Die Chance an einem Manganmangel zu leiden ist relativ gering – sofern Sie sich nicht einseitig, sondern abwechslungsreich und ausgewogen ernähren. Dann klappt es auch problemlos mit der von der Deutschen Gesellschaft für Ernährung e.V. empfohlene Tagesdosis von 2 bis 5 mg pro Tag. Einen etwas höheren Bedarf als die empfohlene Tagesdosis haben im Übrigen diejenigen, die unter hohem Stress oder physischen Belastungen stehen, eisenreiche Nahrungsergänzungsmittel zu sich nehmen, viele Fertigprodukte und Fast Food essen oder starken Alkohol konsumieren.

Ist eine Überdosis oder ein Mangel an Mangan gefährlich?

Eine zu hohe Konzentration an Mangan ist mit der täglichen Ernährung nahezu unmöglich. Bei gesunden Erwachsenen zeigten sich bis zu einer Menge von 50 mg täglich keinerlei negative Auswirkungen. Alles oberhalb der Höchstmenge kann jedoch zu Vergiftungserscheinungen führen, da Mangan in großen Mengen toxisch wirkt.

Die Ausscheidungsorgane Galle und Niere kommen dann nicht mehr hinterher und das überschüssige Mangan schädigt Nervenzellen bestimmter Regionen im Gehirn.

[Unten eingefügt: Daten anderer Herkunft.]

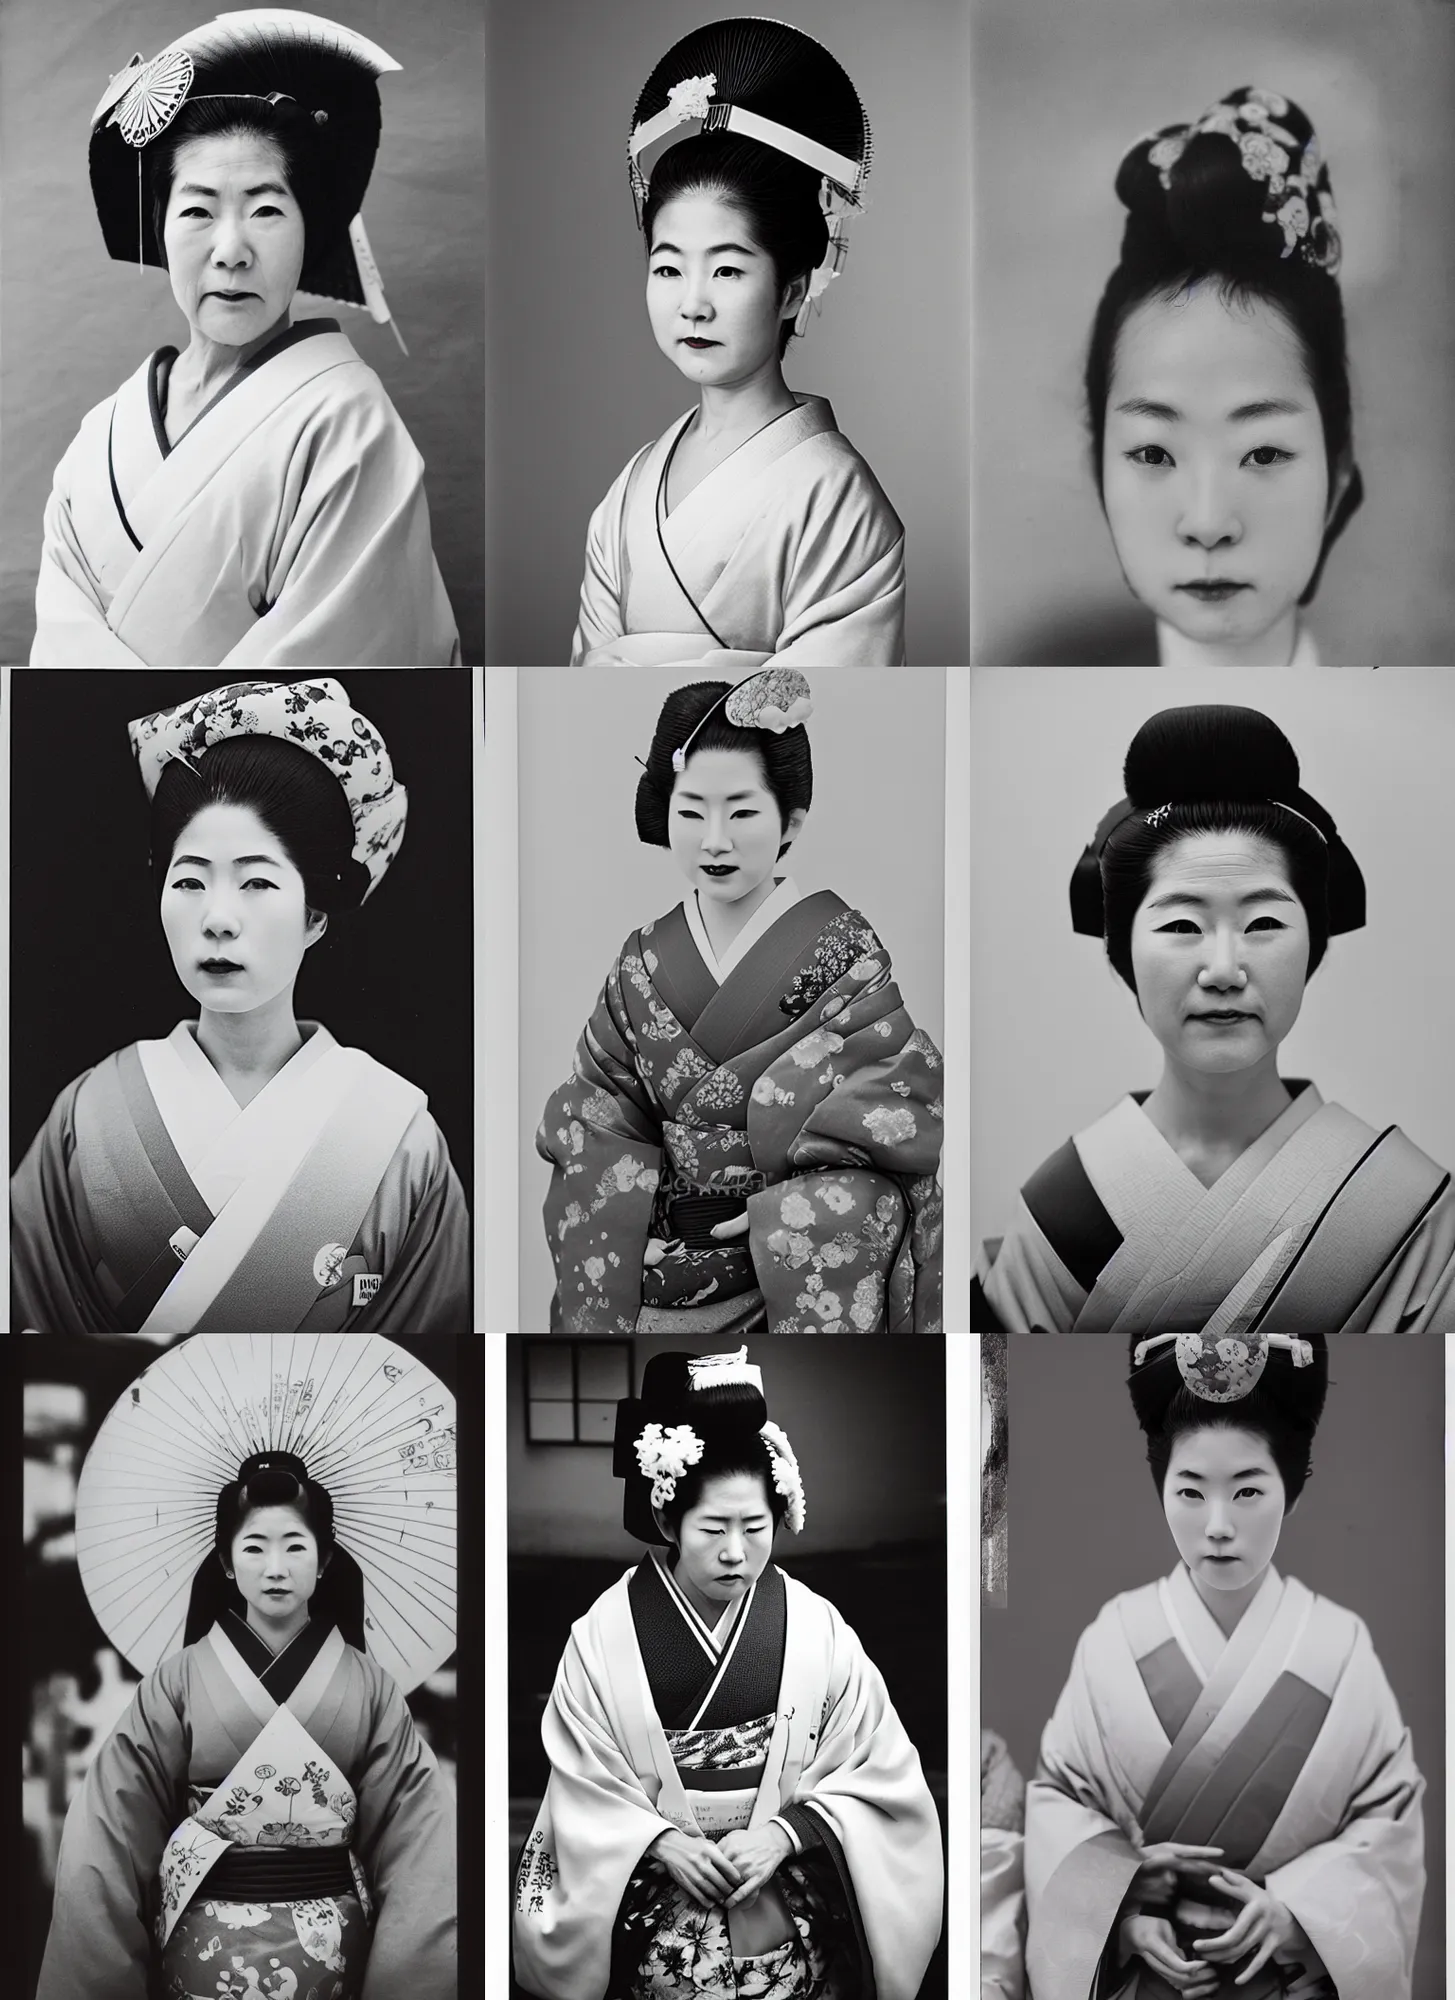 Prompt: Portrait Photograph of a Japanese Geisha Kentmere 100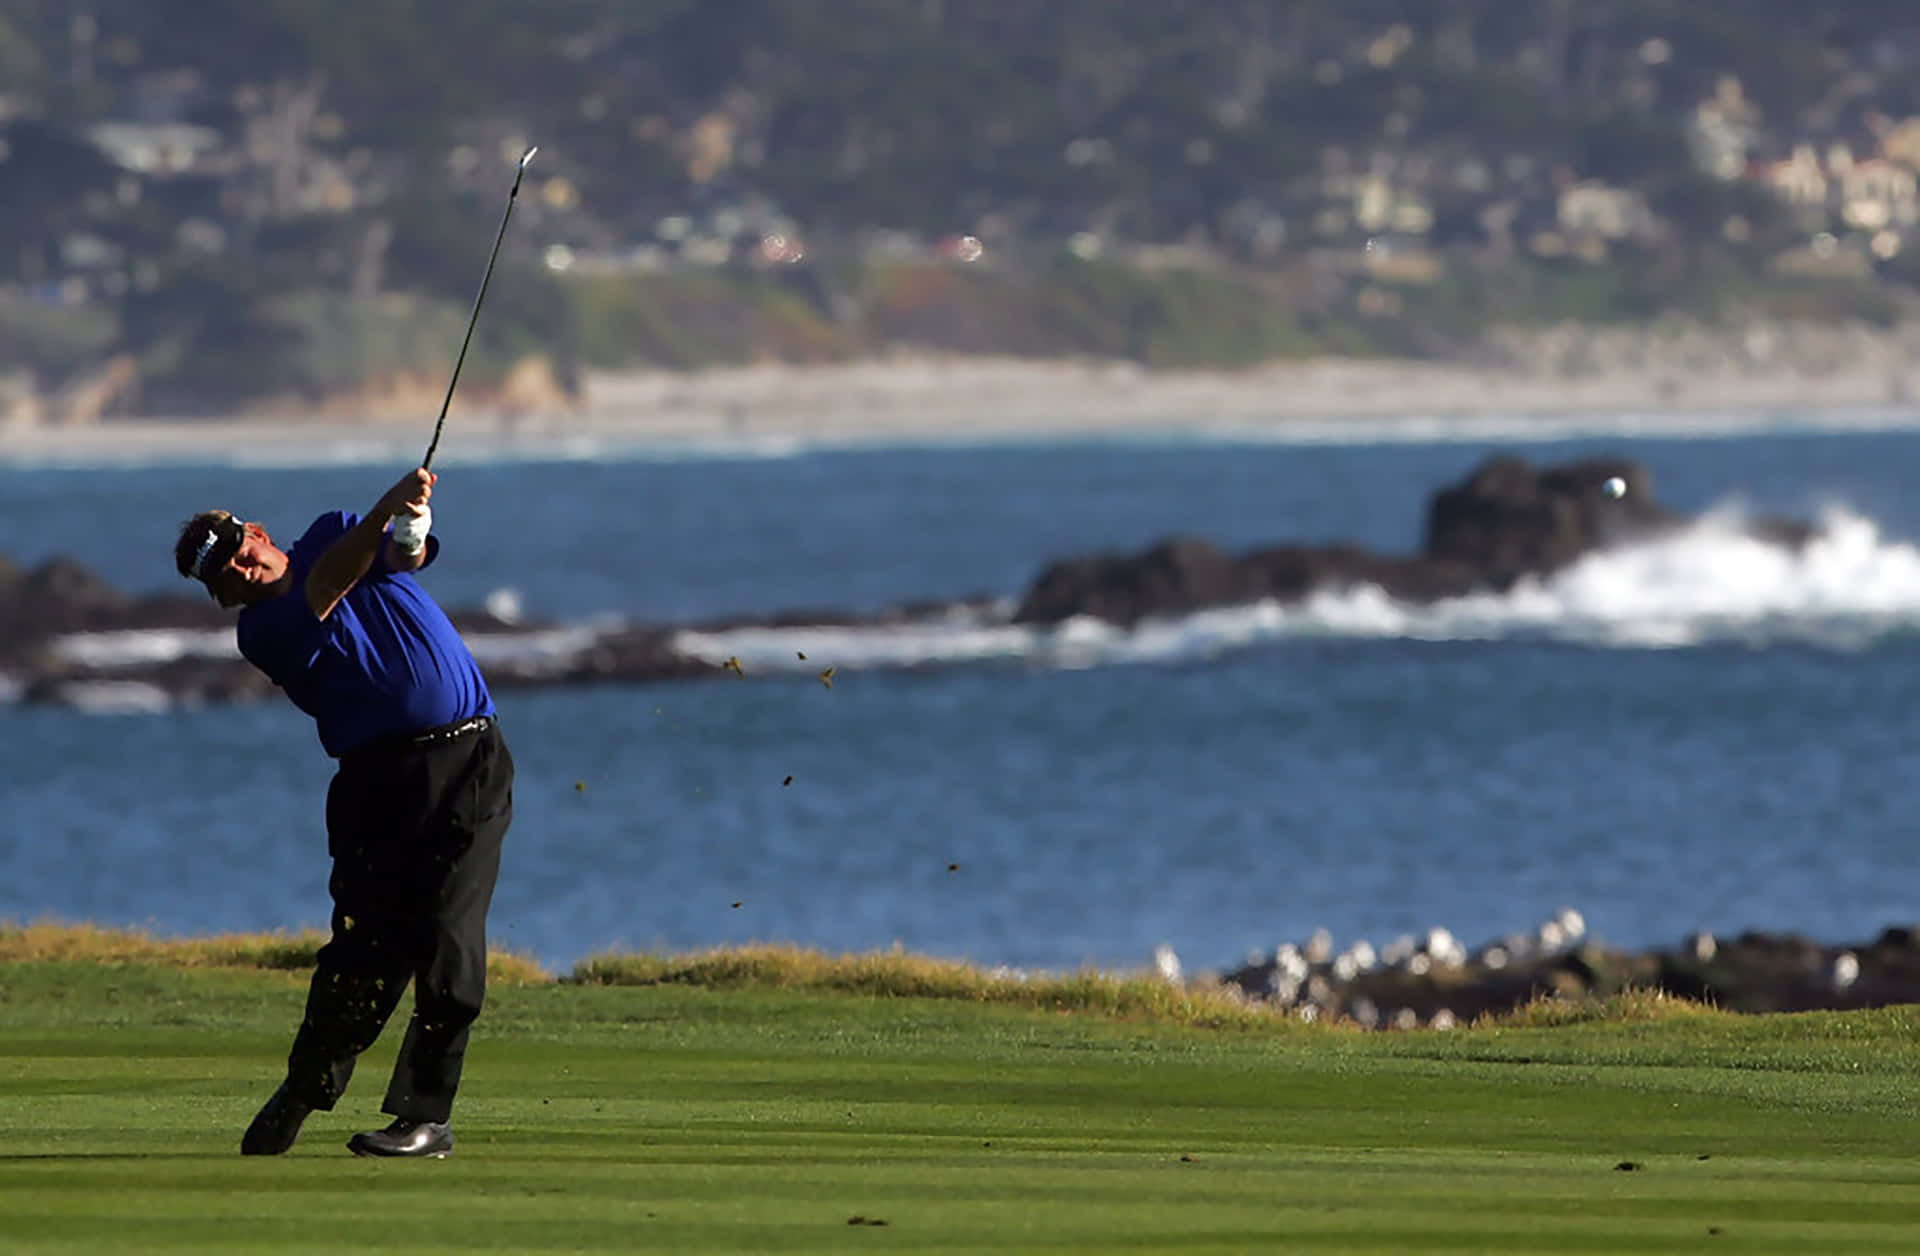 Steve Lowery Golfing By The Beach Wallpaper

Das kann unter anderen Beschwerden wie Schwindel, Konzentrationsschwierigkeiten, Teilnahmslosigkeit, Halluzinationen oder Muskelsteifheit führen.

Zu einem Mangel kommt es in der Regel bei einer ausgewogenen, gesunden Ernährung ebenfalls selten, dennoch ist es natürlich nicht ausgeschlossen.

Zu den typischen Symptomen eines eventuellen Mangan-Mangel gehören:

  • Geringer Blutzucker- oder Cholesterinspiegel (auch das “gute” HDL-Cholesterin)
  • Atherosklerose
  • Parkinson-ähnliche Symptome
  • Muskelschwäche
  • Störungen der Pankreas
  • Tinnitus oder kompletter Hörverlust
  • Fettleber
  • Glukoseintoleranz
  • Schädigungen des Knorpel- und Knochengewebes
  • Potenzprobleme
  • Gestörtes Wachstum von Haaren und Nägeln
  • Psychische Störungen
  • Innere Unruhe und Pessimismus
  • Gewichtsverlust
  • Müdigkeit

Einige der genannten Auswirkungen eines Mangels an Mangan sind jedoch nicht eindeutig medizinisch bewiesen und beruhen auf Beobachtungen, Tests, Untersuchungen und Zusammenhängen. Eine Blutuntersuchung gibt jedoch trotzdem erste Hinweise darauf, dass es sich gegebenenfalls um Mangelerscheinungen handeln kann.

> Blutbild: Die wichtigsten Laborwerte

Der normale Wert an Mangan in unserem Blut liegt zwischen 7,0 und 10,5 Mikrogramm pro Liter. Auffällig ist, dass bei Menschen mit Persönlichkeitsstörungen, Depressionen oder Demenz fast kein Mangan im Körper vorhanden war. Für Mediziner ein ziemlich eindeutiger Zusammenhang.